Hyeongwon/P2-split5_prob_Qwen3-4B-Base_0312-01 is a 4 billion parameter language model, fine-tuned from Hyeongwon/Qwen3-4B-Base using Supervised Fine-Tuning (SFT) with the TRL framework. This model is designed for general text generation tasks, building upon the foundational capabilities of the Qwen3-4B-Base architecture. It offers a 32768 token context length, making it suitable for applications requiring processing of moderately long inputs and generating coherent responses.
Model Overview
Hyeongwon/P2-split5_prob_Qwen3-4B-Base_0312-01 is a 4 billion parameter language model developed by Hyeongwon. It is a fine-tuned variant of the Hyeongwon/Qwen3-4B-Base model, specifically trained using Supervised Fine-Tuning (SFT) with the TRL library.
Key Characteristics
- Base Model: Fine-tuned from Hyeongwon/Qwen3-4B-Base.
- Training Method: Utilizes Supervised Fine-Tuning (SFT) for specialized performance.
- Frameworks: Trained with TRL 0.25.1, Transformers 4.57.3, Pytorch 2.6.0, Datasets 3.6.0, and Tokenizers 0.22.2.

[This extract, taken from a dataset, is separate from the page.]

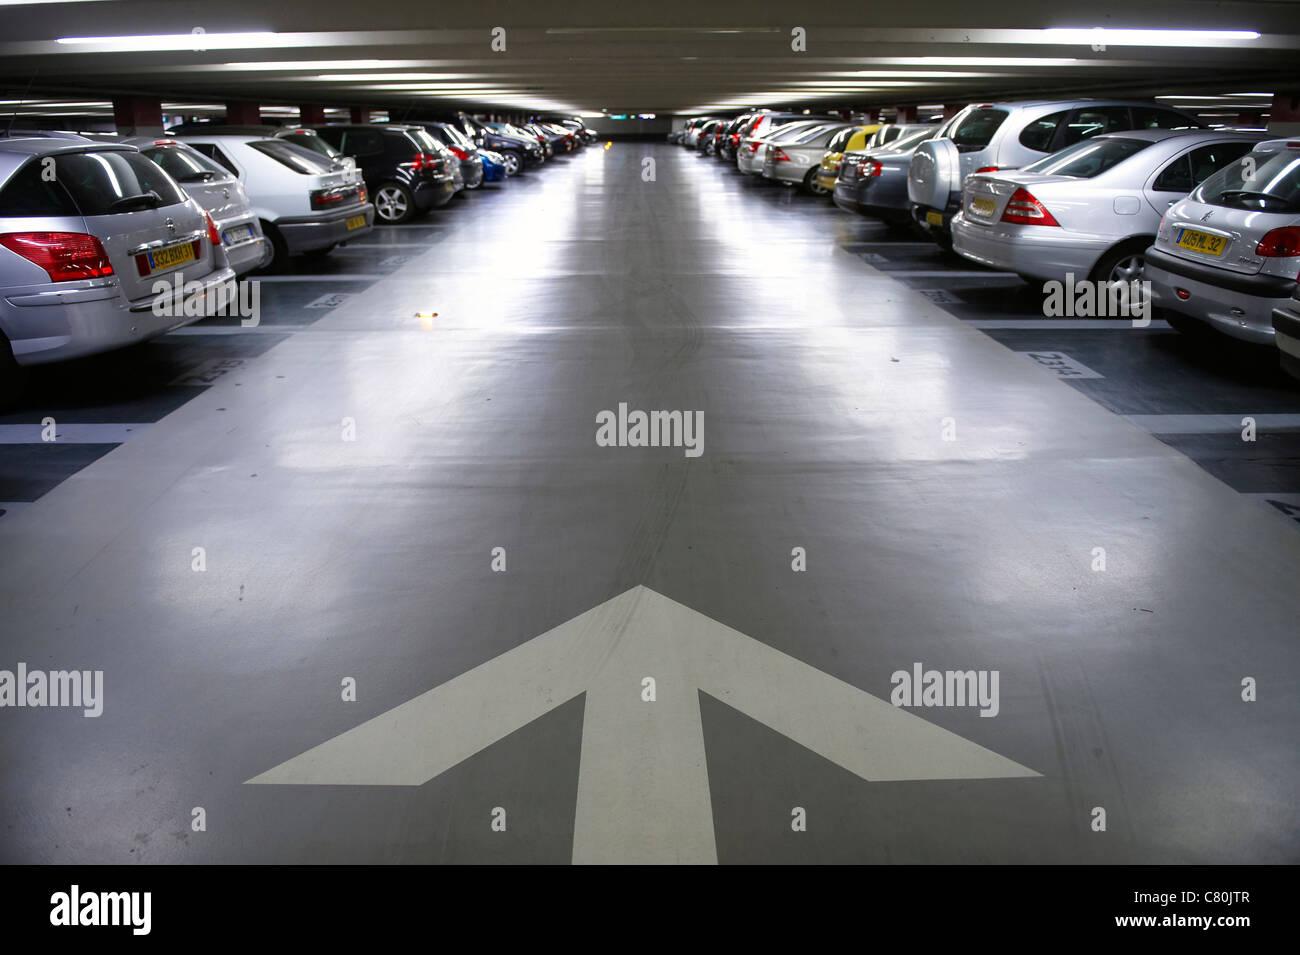 France, Midi Pyrenees, Haute Garonne, Toulouse, Capitole Parking - Stock Image

- Context Length: Supports a context window of 32768 tokens.
Intended Use Cases
This model is suitable for various text generation tasks where a 4 billion parameter model with a substantial context window is beneficial. Its SFT training suggests an optimization for following instructions and generating relevant, coherent text based on provided prompts.